### INPUT
===

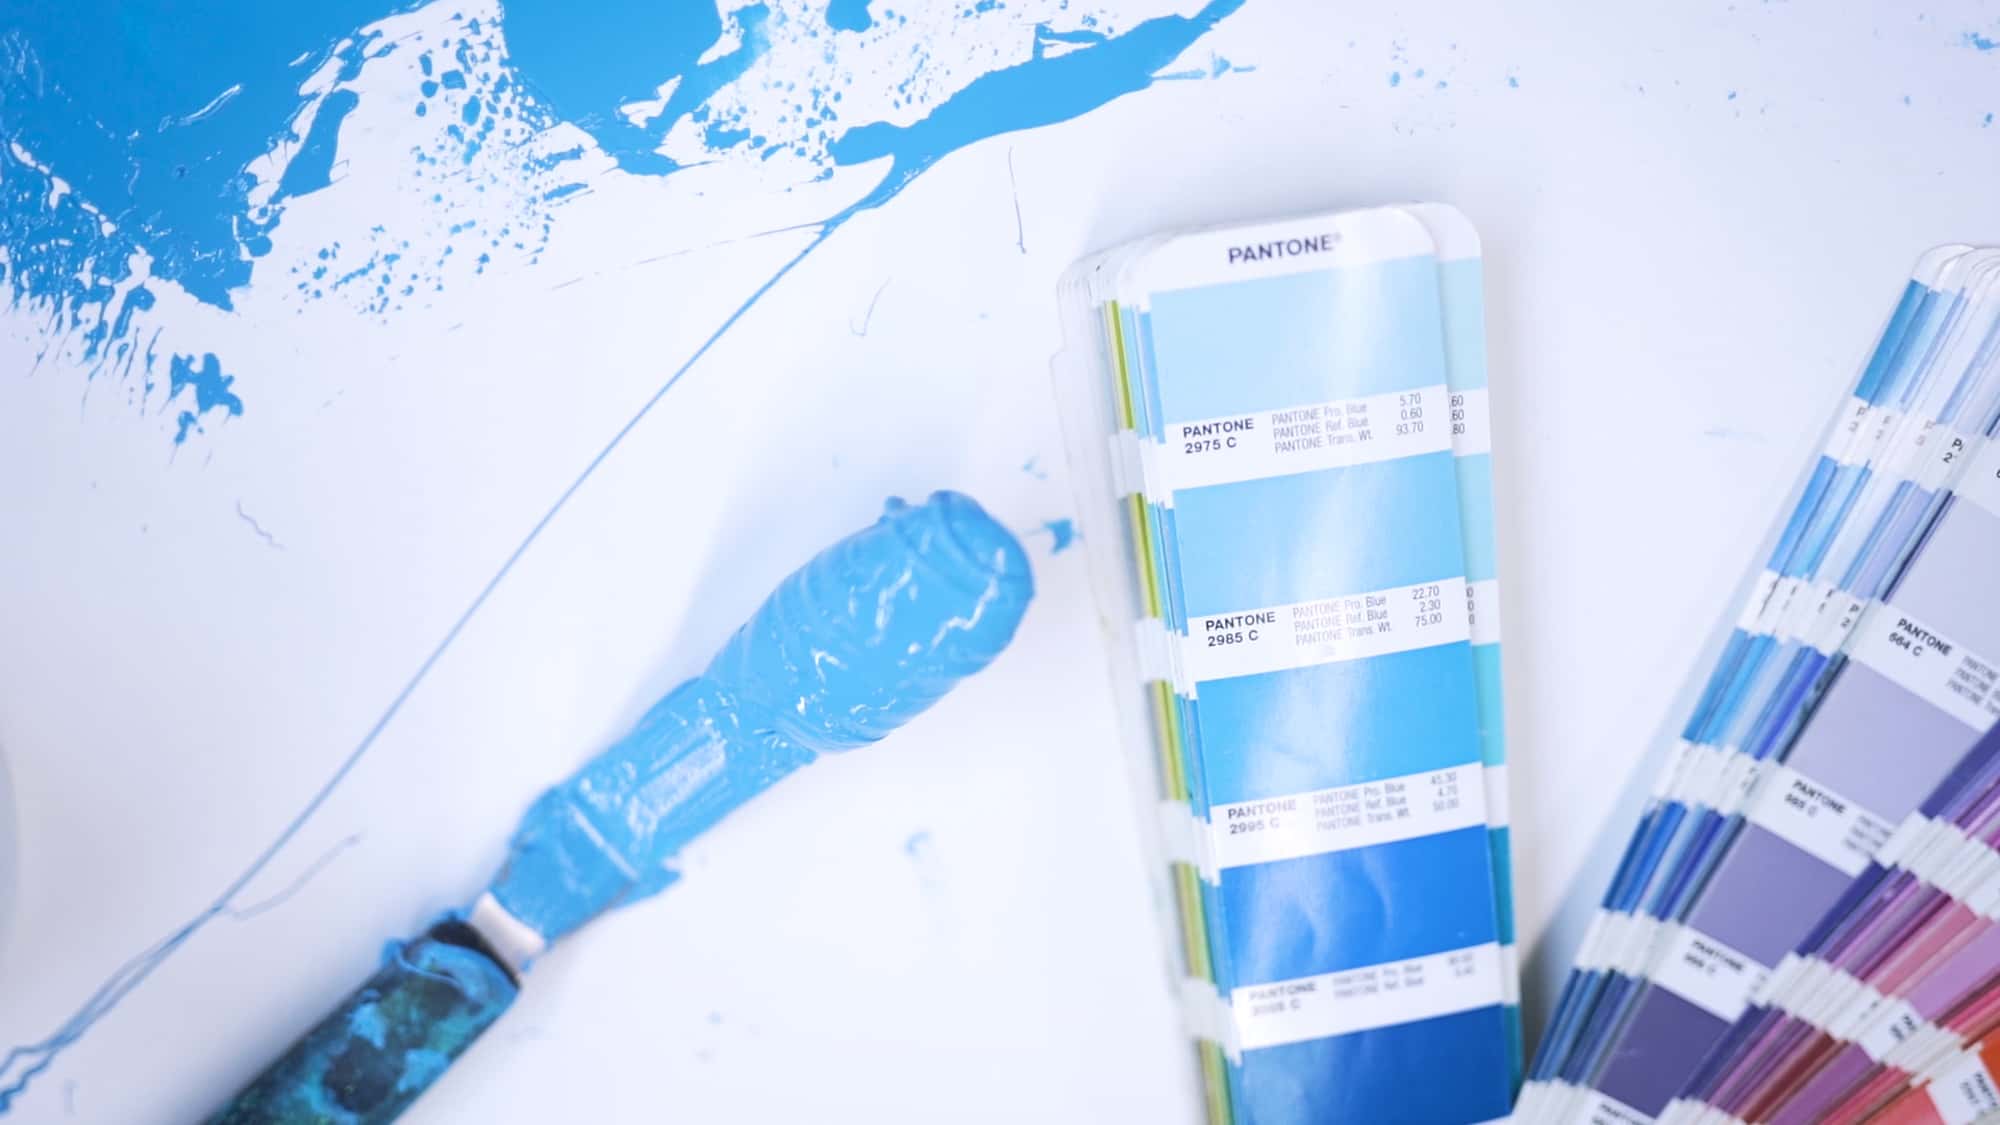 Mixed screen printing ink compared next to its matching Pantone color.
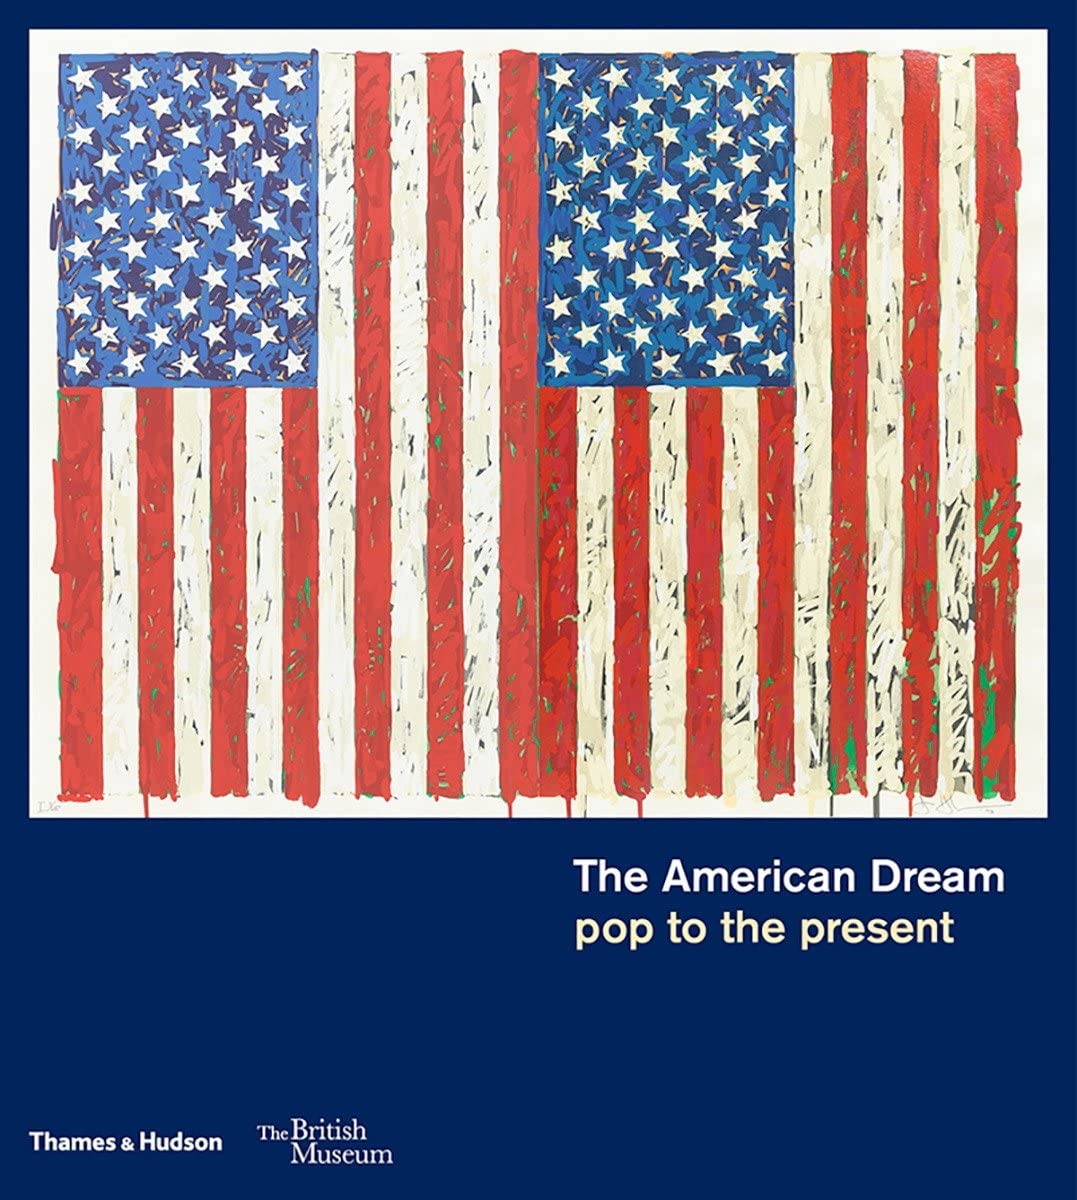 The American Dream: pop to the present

===

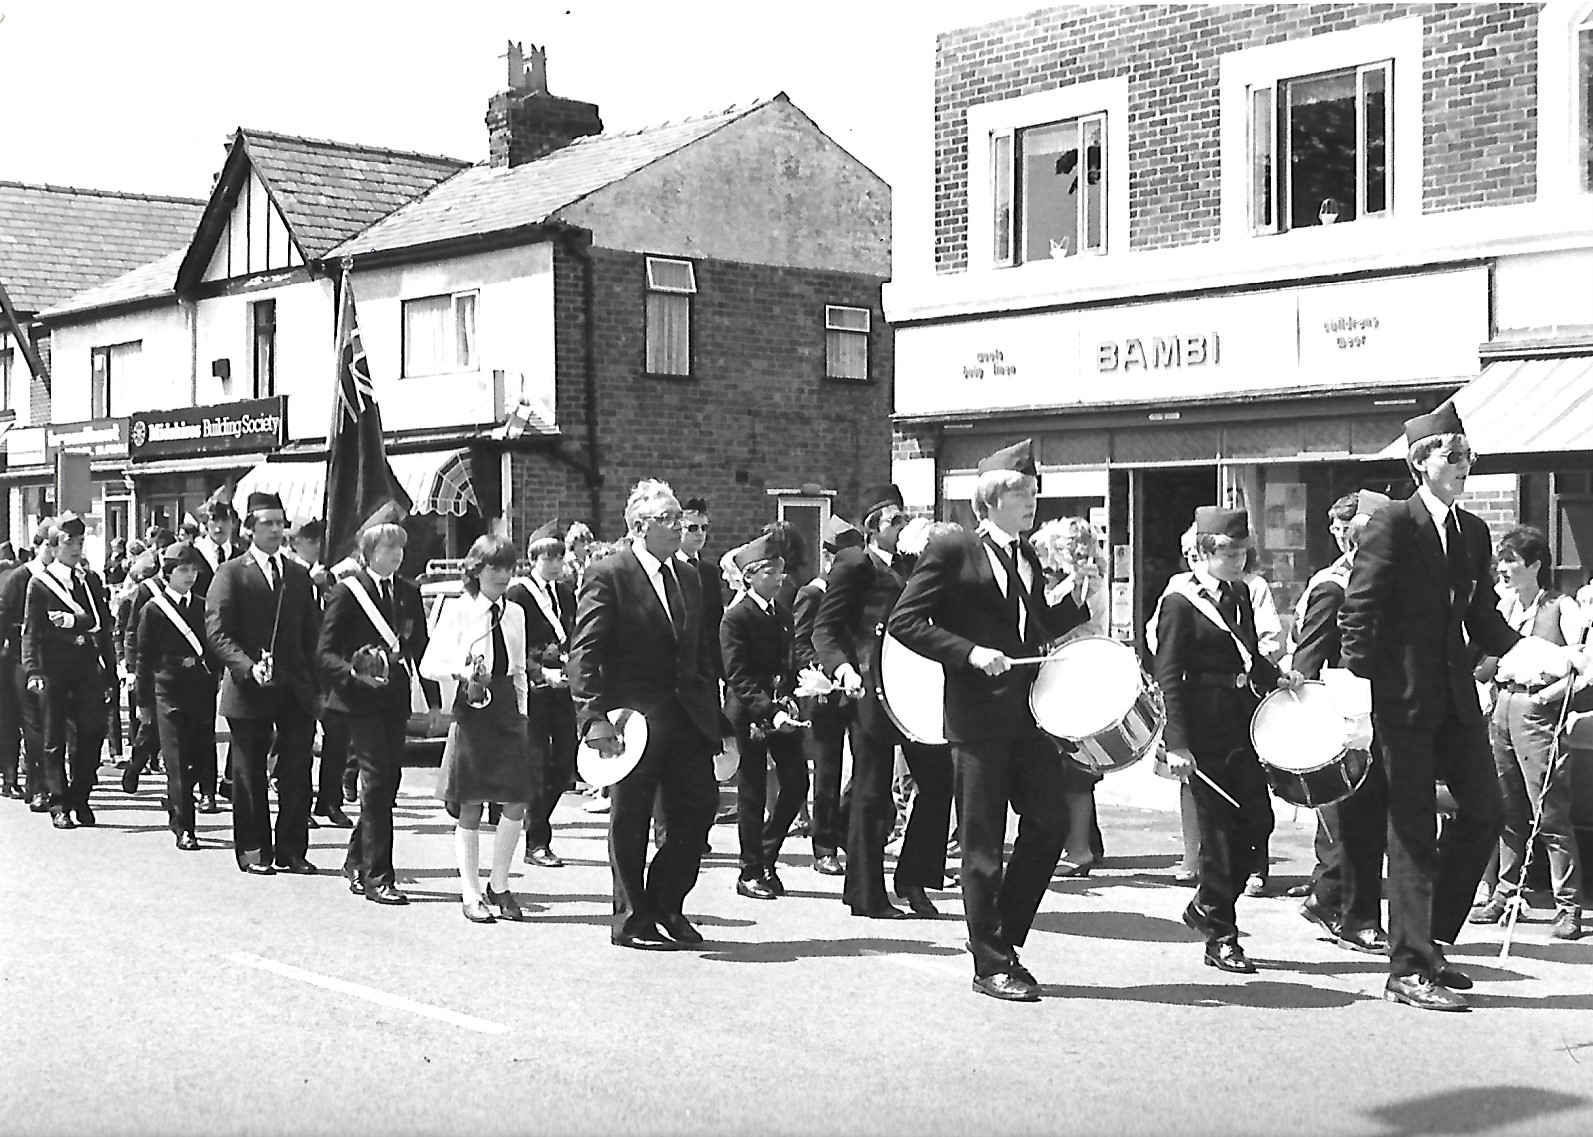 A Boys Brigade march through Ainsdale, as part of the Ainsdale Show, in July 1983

===

### WHAT IS BEING ASKED
Restate word for word every line from the one with "Mixed screen printing" up to and including the one with "The American Dream: pop to the present" in the records above, minus the pictures.

### OUTPUT
 Mixed screen printing ink compared next to its matching Pantone color.
 The American Dream: pop to the present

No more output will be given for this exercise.